How apt this is for game design! When I started designing SORS (in my head) I had a grand picture of how the game would work. You’d make money! You could buy upgrades or research stuff! You can track your relationship with different peer groups! Awesome!
No, not awesome. Complicated. It was only when I got to building the demo that I realised half this stuff had to go. There was too much stuff happening, too many things for the player to manage.
It didn’t help that I was learning to code as well.
Actually, that’s a lie, it did. Developing every feature of the game was so painful that I had to be sure it was what the game really really really needed. And you know what? The game didn’t need many of those things.
As I examined some of these things in-between frustrating (but extremely insightful) programming sessions, questions arose and it become much clearer whether the features were good or not.
Take upgrades and money for example. Everyone loves getting money in games and spending it on upgrades. But building an upgrade system is tricky, not least because it needs to be finely balanced- otherwise players will just go for the obviously best upgrades, which then makes the benefit of choice offered by the system just an illusion in reality.
The original plan was to allow players to upgrade certain aspects of the scanning equipment they use, such as the speed at which the scanner moves, the scanning speed and the amount of ‘noise’ (error points) it produces. However, to implement an upgrade system would mean starting the players with an inferior system, which would make the initial scanning challenges harder/more tedious. I eventually realised that actually, at its heart this is a puzzle game and therefore an upgrade system should not be the focus.

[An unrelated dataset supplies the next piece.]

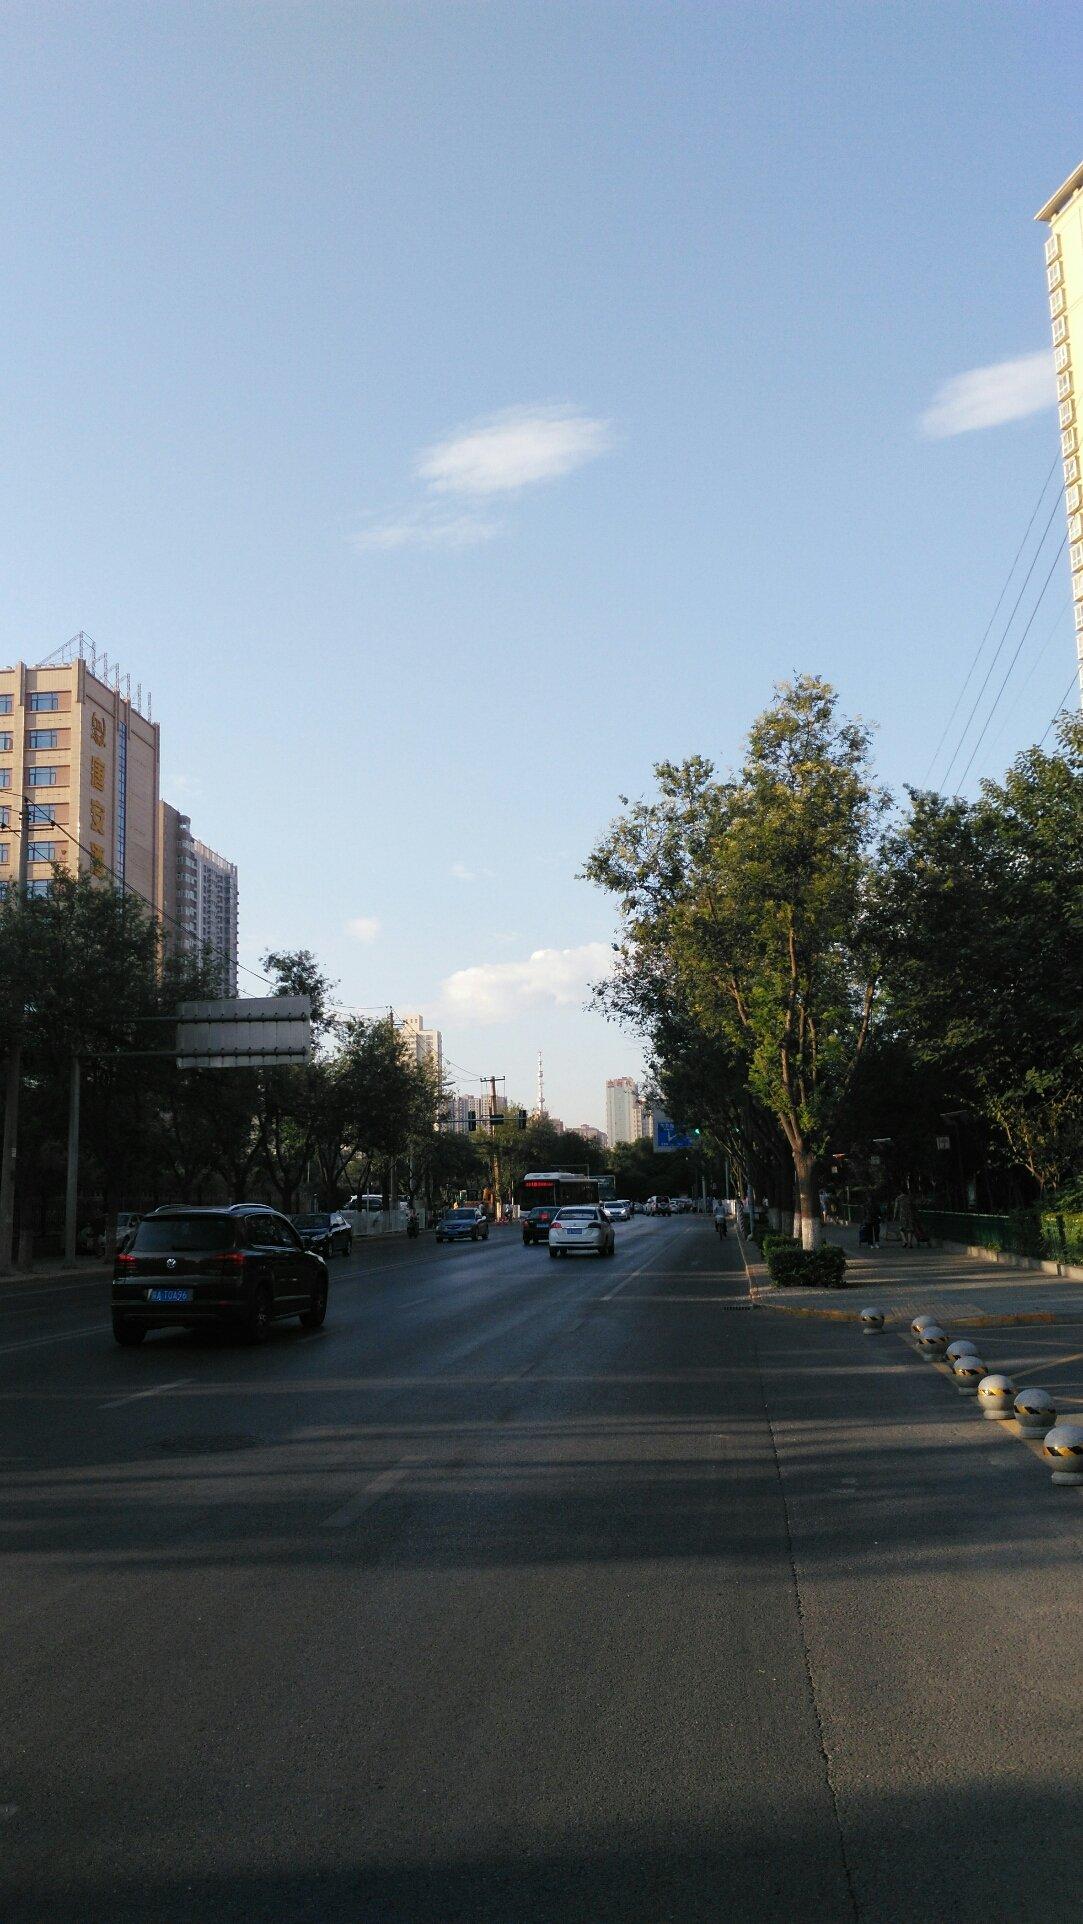 陕西省西安市未央区未央宫物理纬三十一街天气预报街道高中找怎么图片

Very similar to upgrades, I had planned to implement a ‘reputation’ system. You could choose to do things for the hospital management, your colleagues, or patients, and these choices would cause different groups to (dis)like you more or less. However, again after examination, I started wondering what this would add to the game. I originally wanted this system to offer players the chance to play the game as they want to (ie: choose to work with whichever group they preferred), but whenever I thought about it, it just felt a bit…tacked on. It didn’t feel natural.
In the end I took elements of this system and worked them into the game, and it feels much better and more natural. Players can still make choices when they are offered (via the email screen), but there is no ‘relationship meter’, which would just look weird. As the game is semi-realistic (although the premise is sci-fi, the story is built on the player’s relationship with the characters), why not keep the relationships aspect realistic also? Players make a choice…and may not get direct feedback as to what effect that choice has had. This (in my opinion) makes the game and story more interesting.
(As an aside, direct feedback is incorporated in the puzzle/action part of the game. It’s important players get feedback quickly on key actions, in this case diagnosing patients, so they can change their gameplay to try and correct errors).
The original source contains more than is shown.